The formation of clonazolam was initially reported in 1971. It had been referred to as the most dynamic element in the series examined. Clonazolam is respected to be highly powerful, and concerns have been increased which it and flubromazolam may create comparatively higher hazards than other creator benzodiazepines because of their ability to create strong sedation and amnesia at dental doses only 0.5 mg, or 500 micrograms. It really is reported to truly have a medium-length starting point of action (20 - 60 minutes).

Very little is well known about this compound, but it has become easy to get at through online research chemical substance sellers where it has been sold as a creator drug. Because of its extremely high strength, it is entirely on blotter newspaper or in volumetrically dosed alternatives. Ingestion of natural clonazolam natural powder is unsafe because of its microgram-range strength and the decrease where it can result in multi-day blackouts.
The rapid discontinuation of benzodiazepines can result in life-threatening seizures for those who have been with them regularly, in heavy dosages, or for long periods of time.

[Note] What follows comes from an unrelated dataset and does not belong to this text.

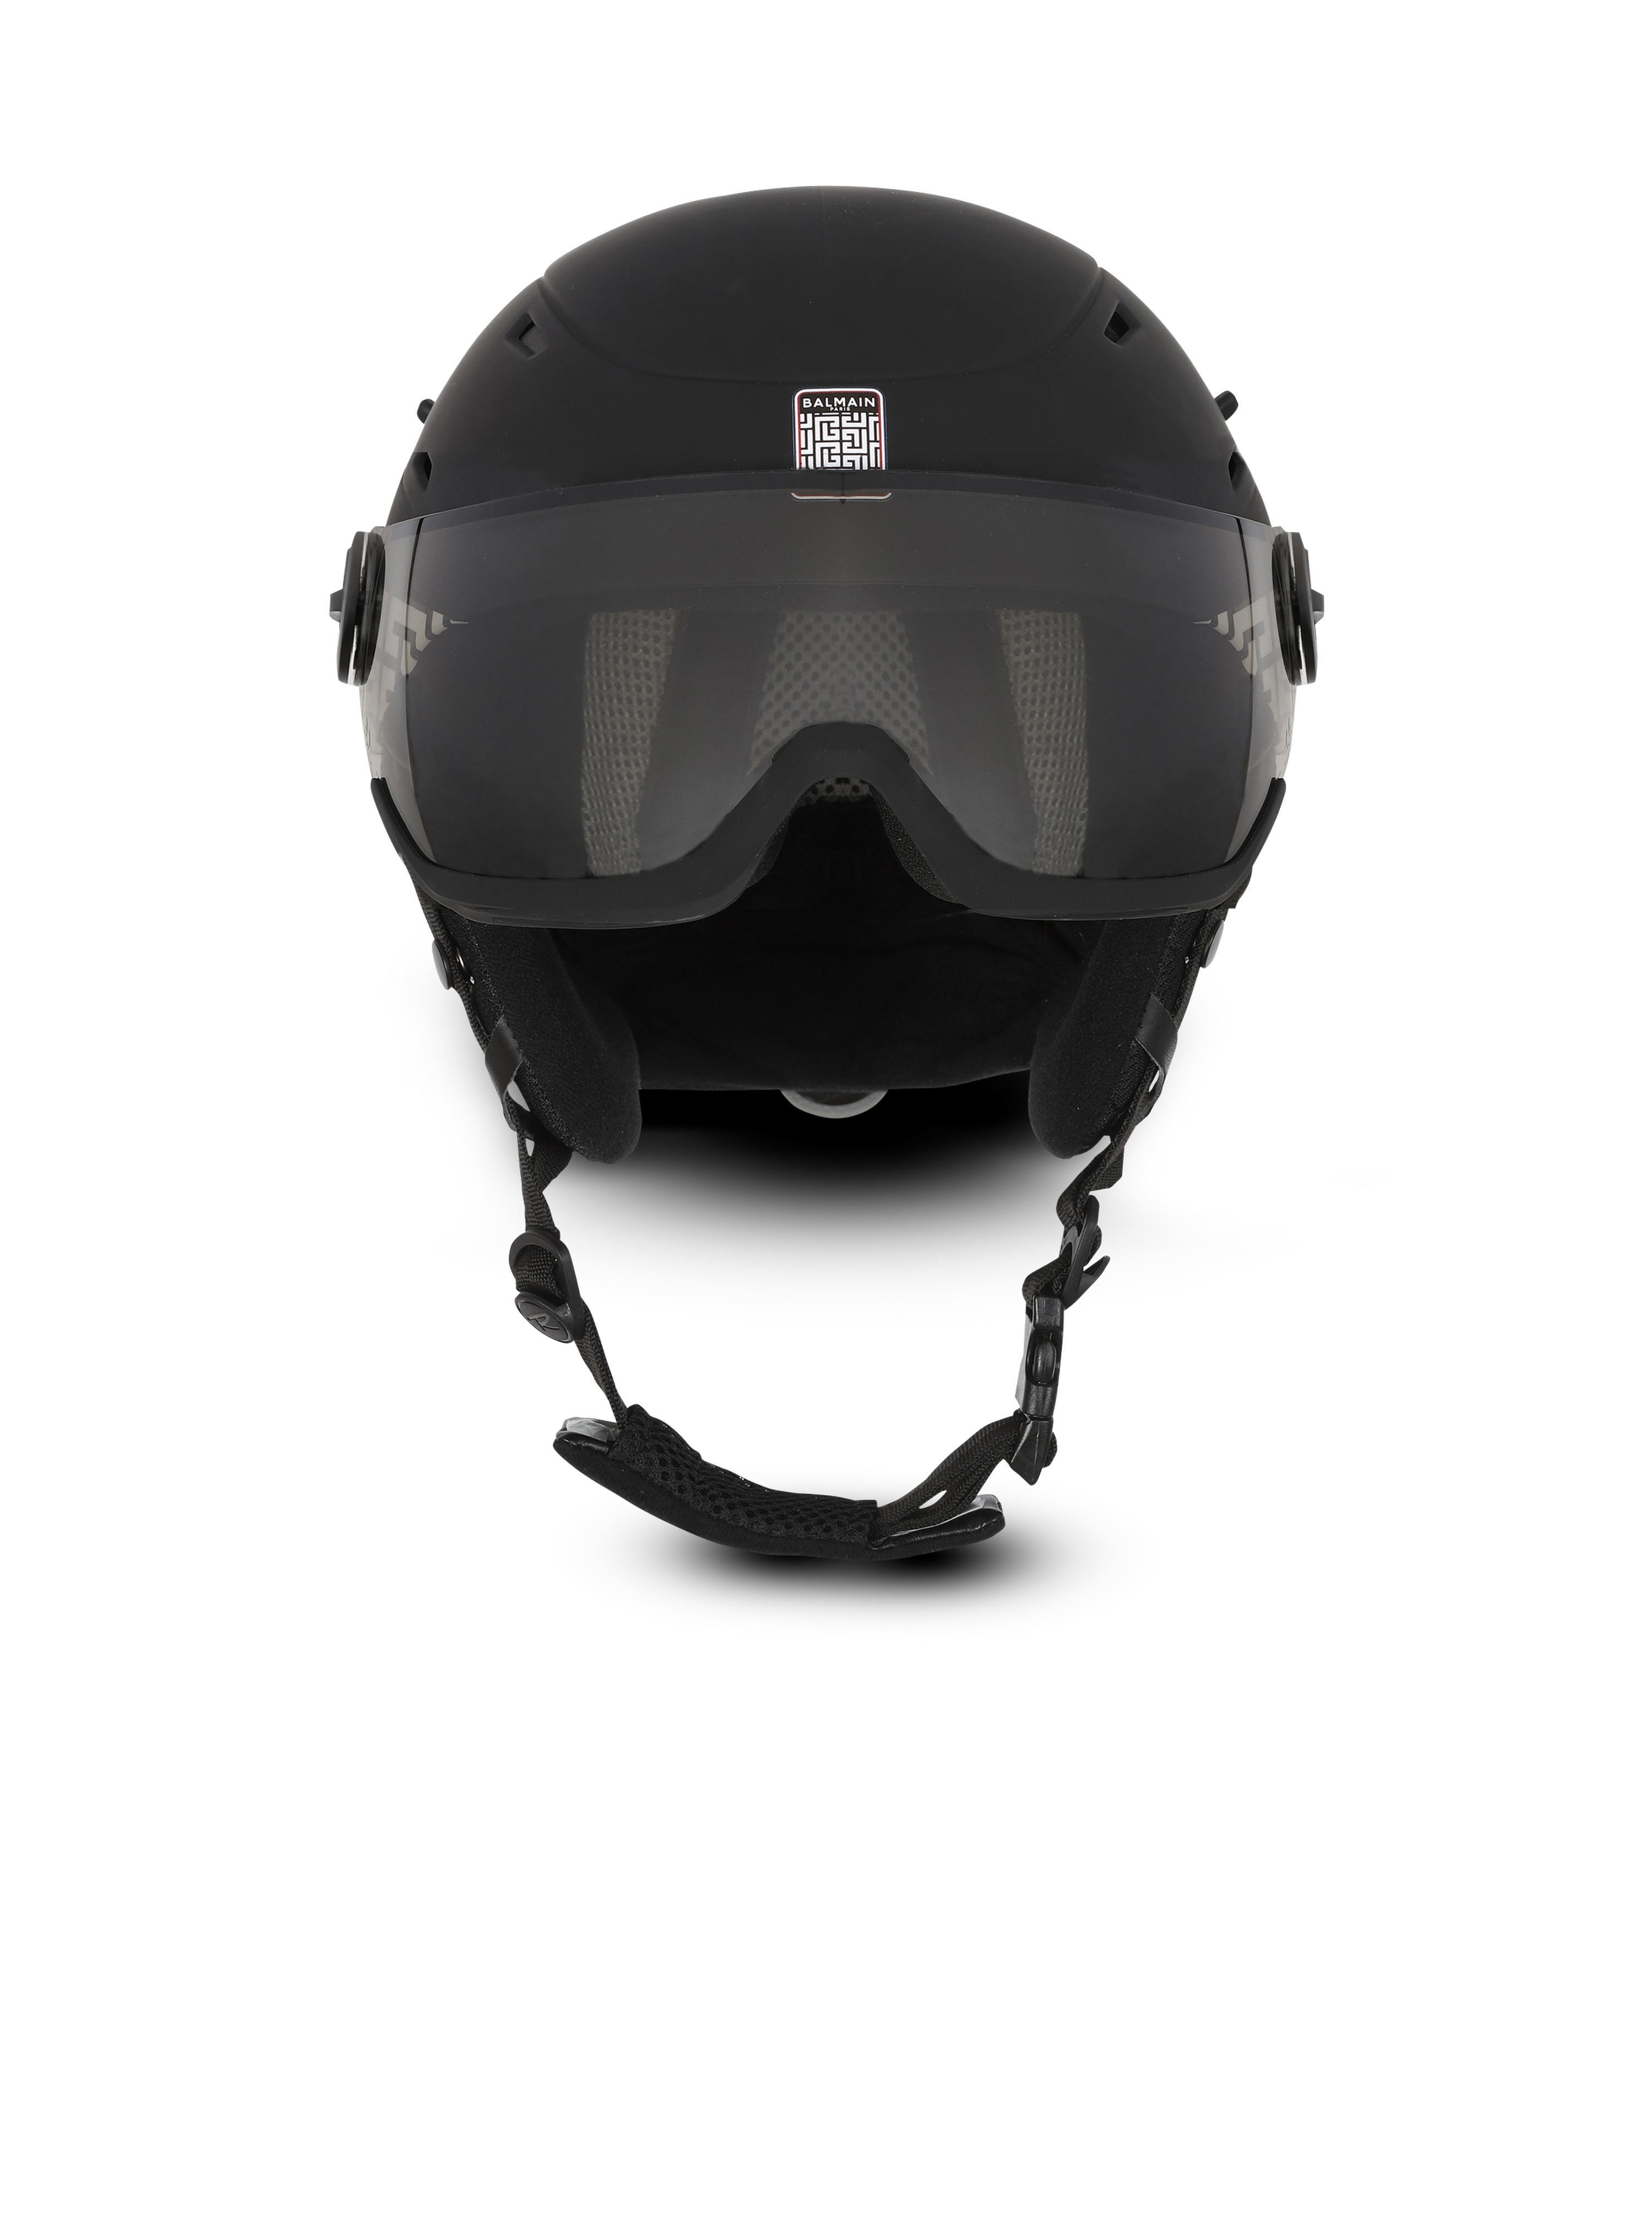 Balmain x Rossignol联名 - Rossignol象牙色和黑色Balmain字母标识图案滑雪头盔, black
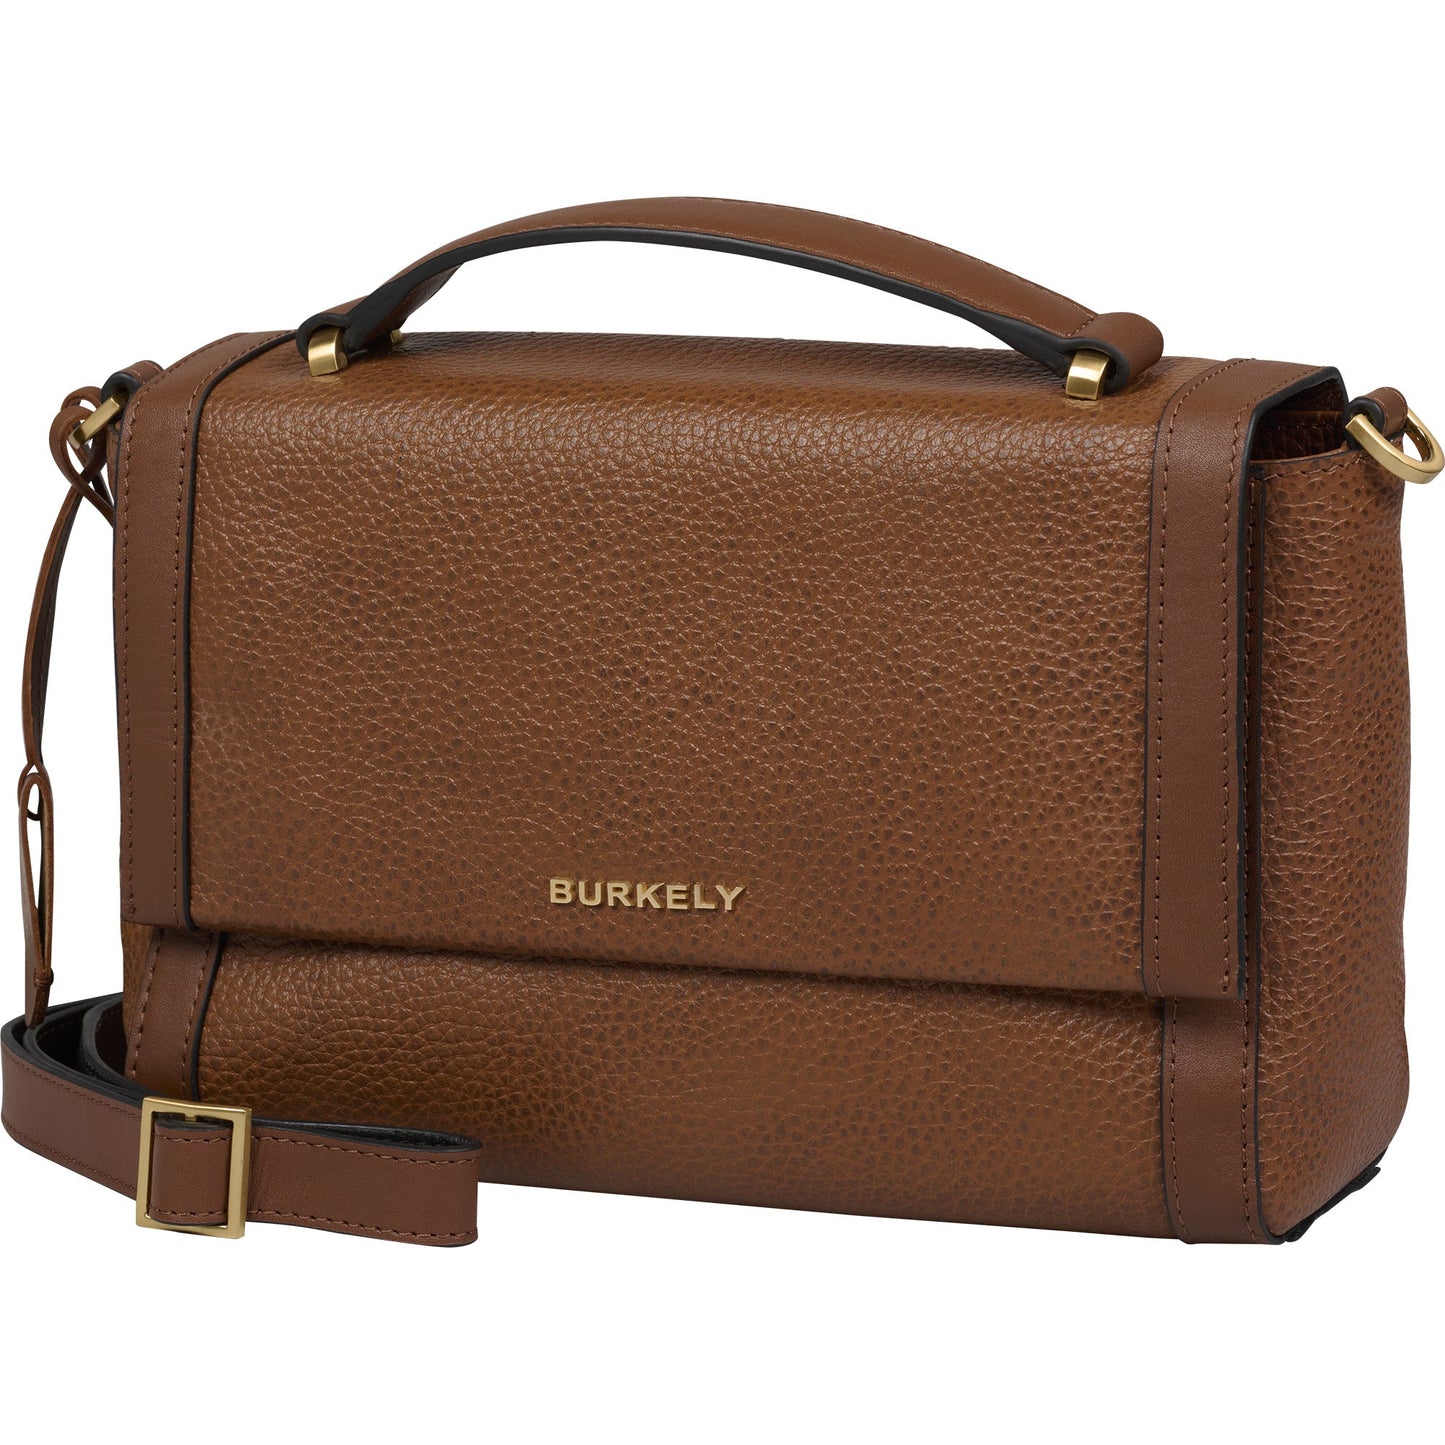 Handtasche Keen Keira 1000625.41 von Burkely - Laure Bags and Travel

Clonazolam, otherwise called Clonitrazolam is a medium-term psychoactive medication that additionally has a place with the class of benzodiazepines. The first ever synthesis of clonazolam powder was conducted in 1971 and was put under the tested series of most active compounds . It produces anxiolytic, sedative, hypnotic, muscle relaxant, anticonvulsant, depressant, and amnesic effects. It is a derivative of the FDA-approved benzodiazepines clonazepam and alprazolam.

Clonazolam = Clonitrazolam
PubChem: 12317881
Molecular formula: C17H12ClN5O2
Molecular weight: 353.766 g/mol
IUPAC: 6-(2-chlorophenyl)-1-methyl-8-nitro-4H-[1,2,4]triazolo[4,3-a][1,4]benzodiazepine

Contrasted with the other specified medications, in any case, clonazolam has been accounted for to be all the more quick acting and its belongings can be felt inside 20 to a hour. It also has the reputation of being highly potent as it produces very strong sedation and effects even when taken in small doses such as 0.5 mg. As such, it may be more dangerous than the other benzodiazepines available in the market.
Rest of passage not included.